** Your instructions **
Quote the whole listing word for word. Do not include the pictures.

#### Raw data

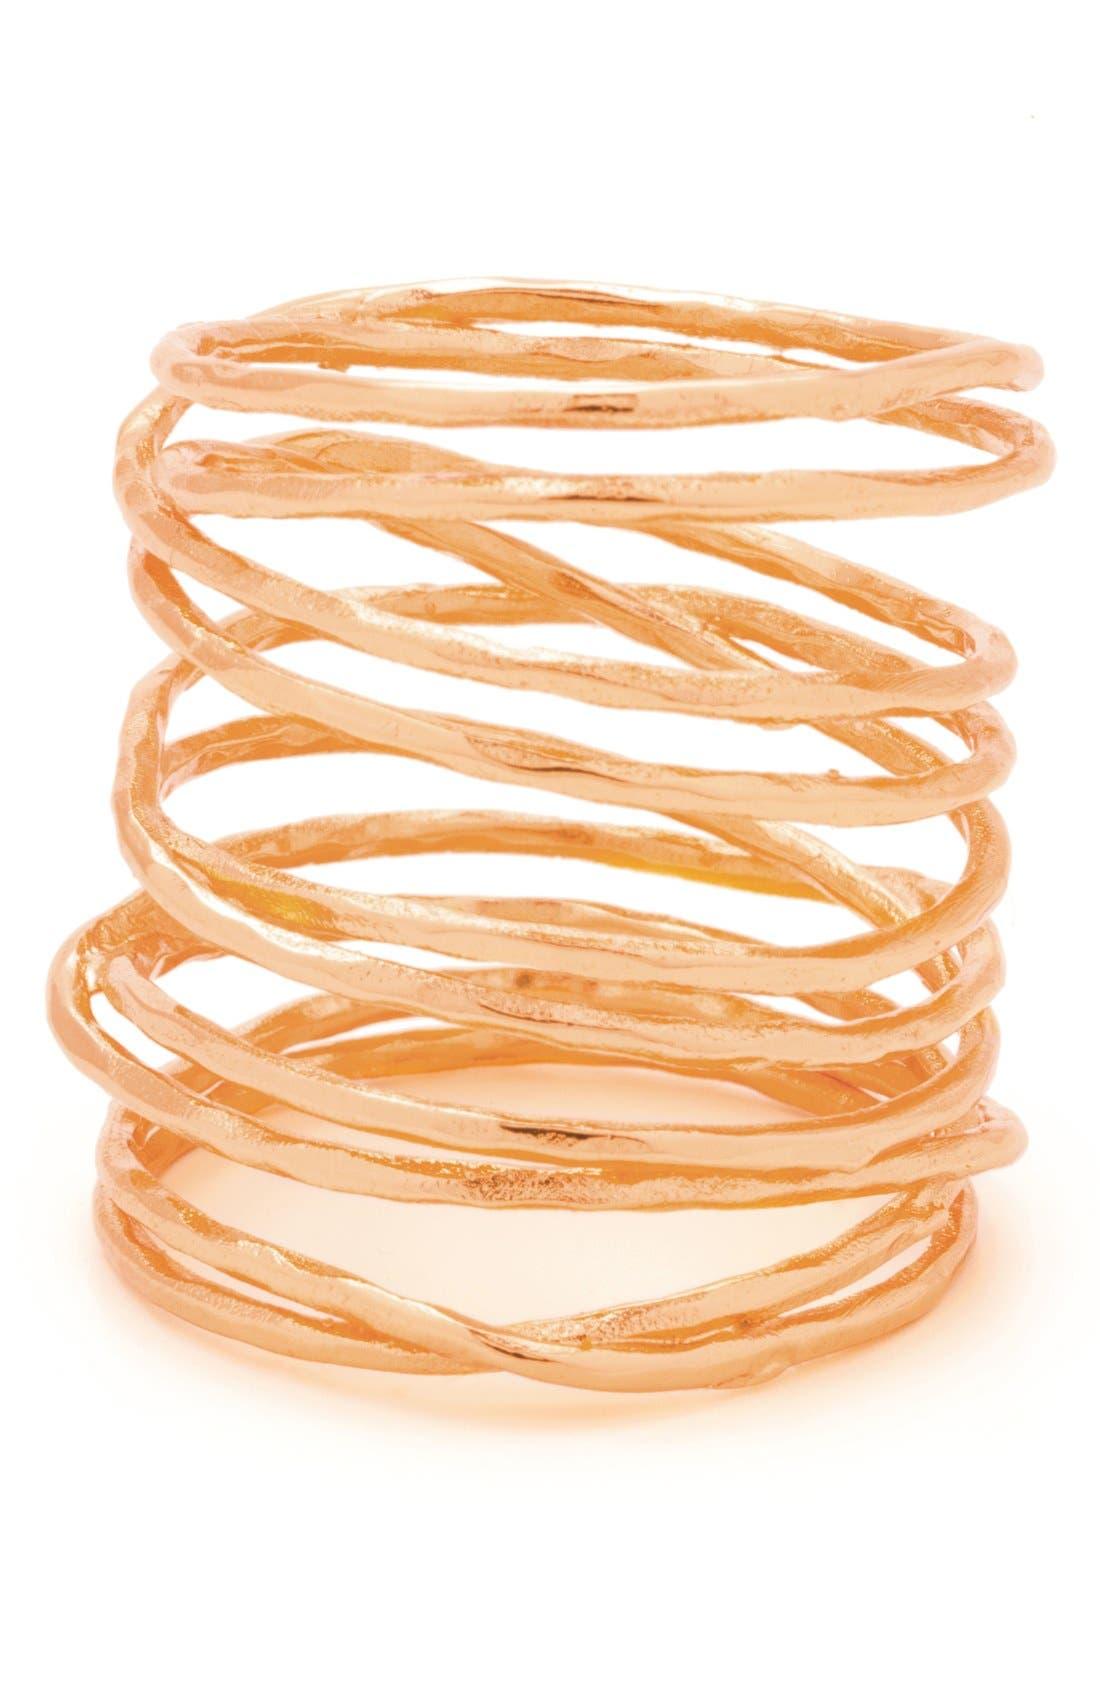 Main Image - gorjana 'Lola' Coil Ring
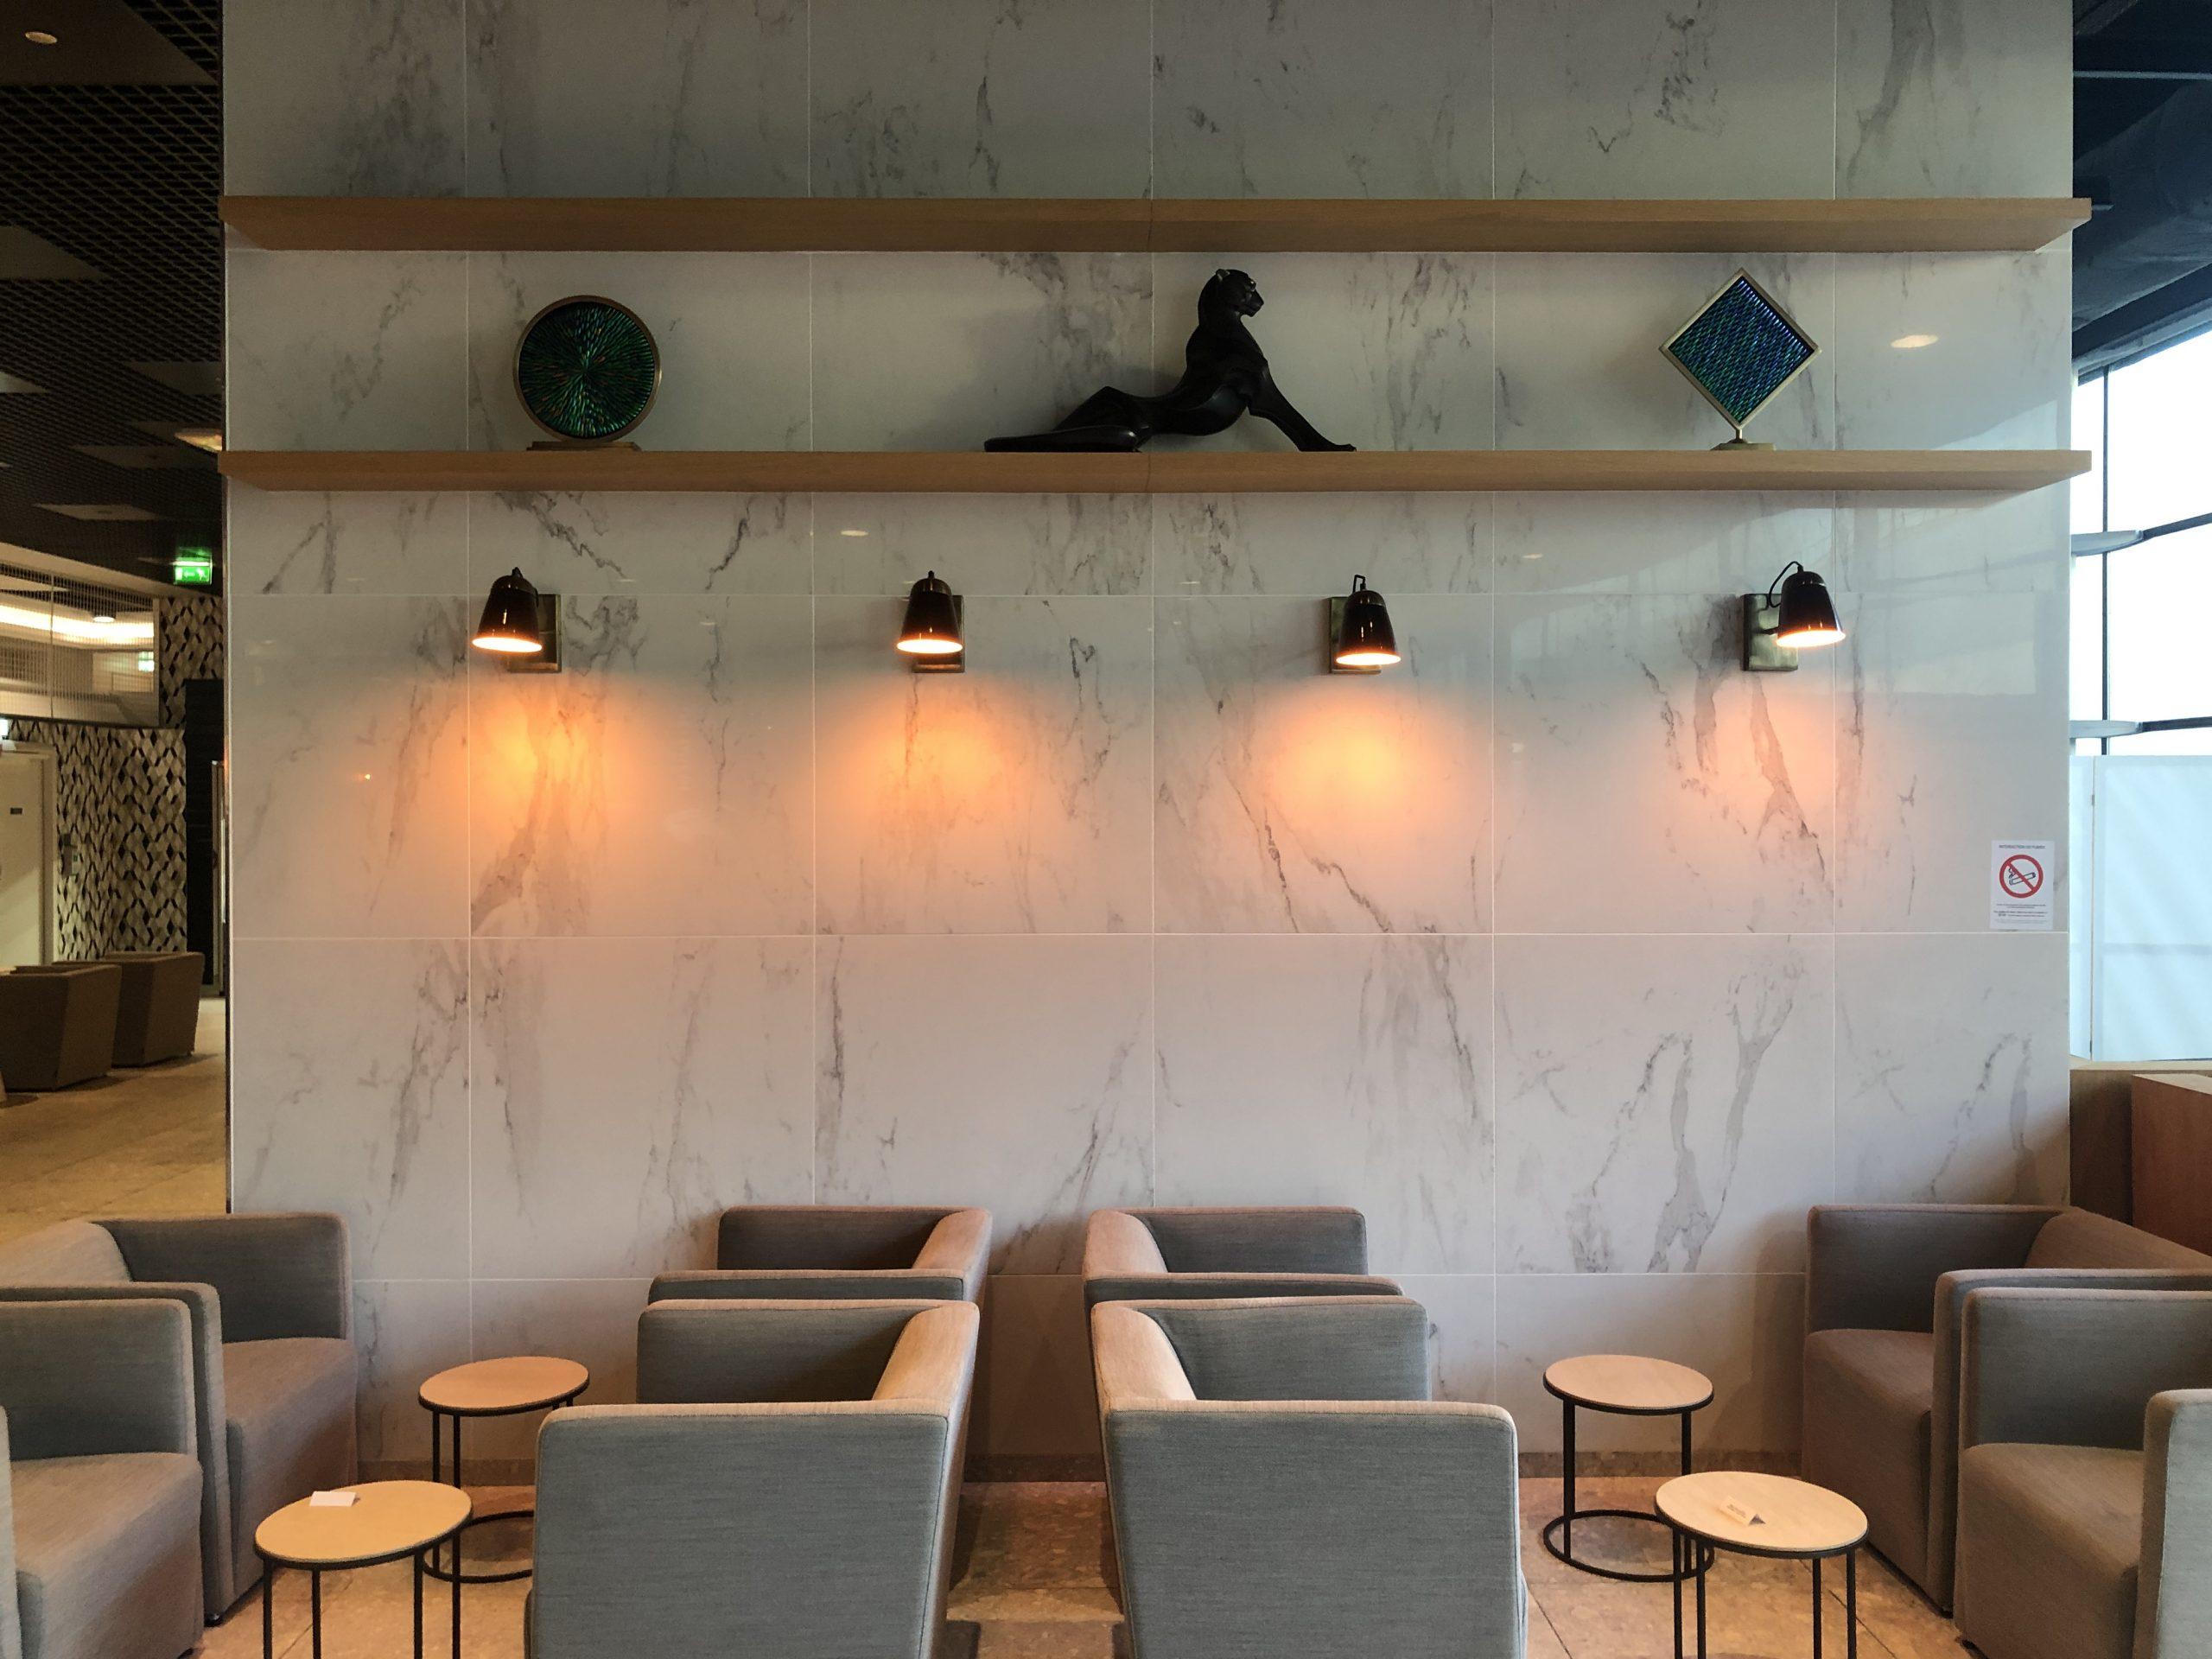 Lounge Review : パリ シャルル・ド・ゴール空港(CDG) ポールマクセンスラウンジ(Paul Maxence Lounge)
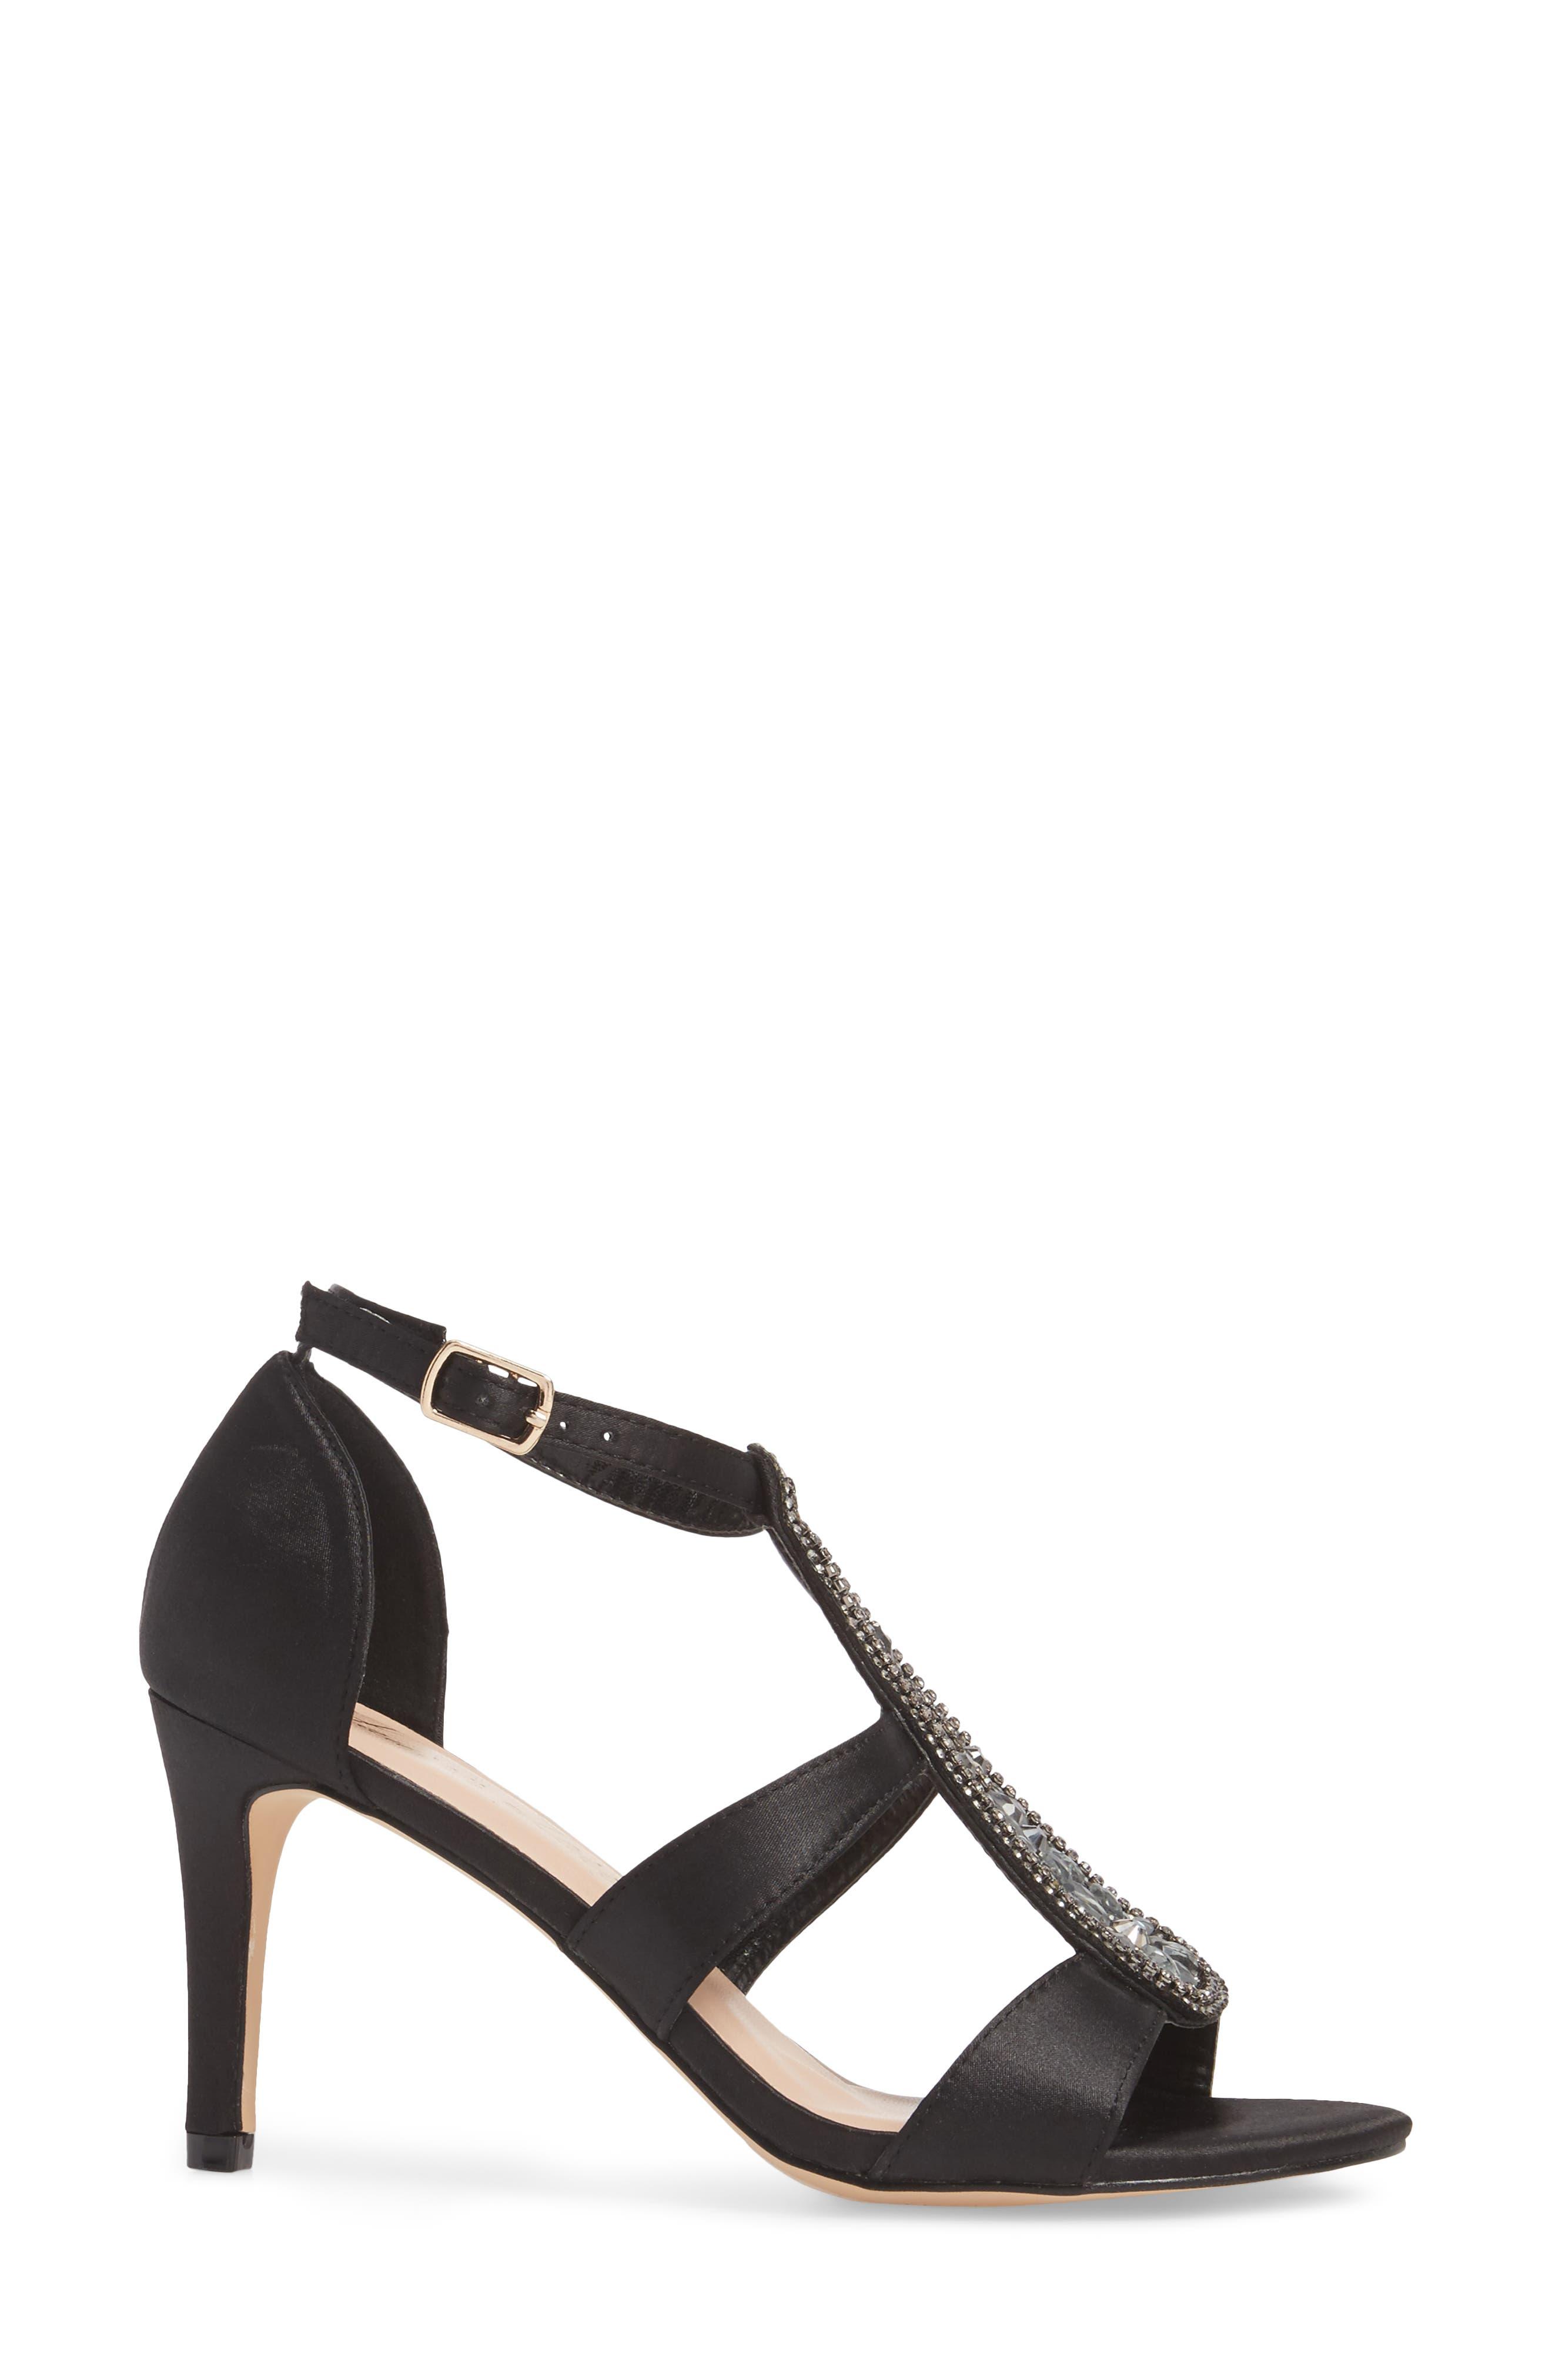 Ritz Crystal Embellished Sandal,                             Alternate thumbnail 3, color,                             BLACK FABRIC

########

** Reply to the task **
 Main Image - gorjana 'Lola' Coil Ring
 Lounge Review : パリ シャルル・ド・ゴール空港(CDG) ポールマクセンスラウンジ(Paul Maxence Lounge)
 Ritz Crystal Embellished Sandal,                             Alternate thumbnail 3, color,                             BLACK FABRIC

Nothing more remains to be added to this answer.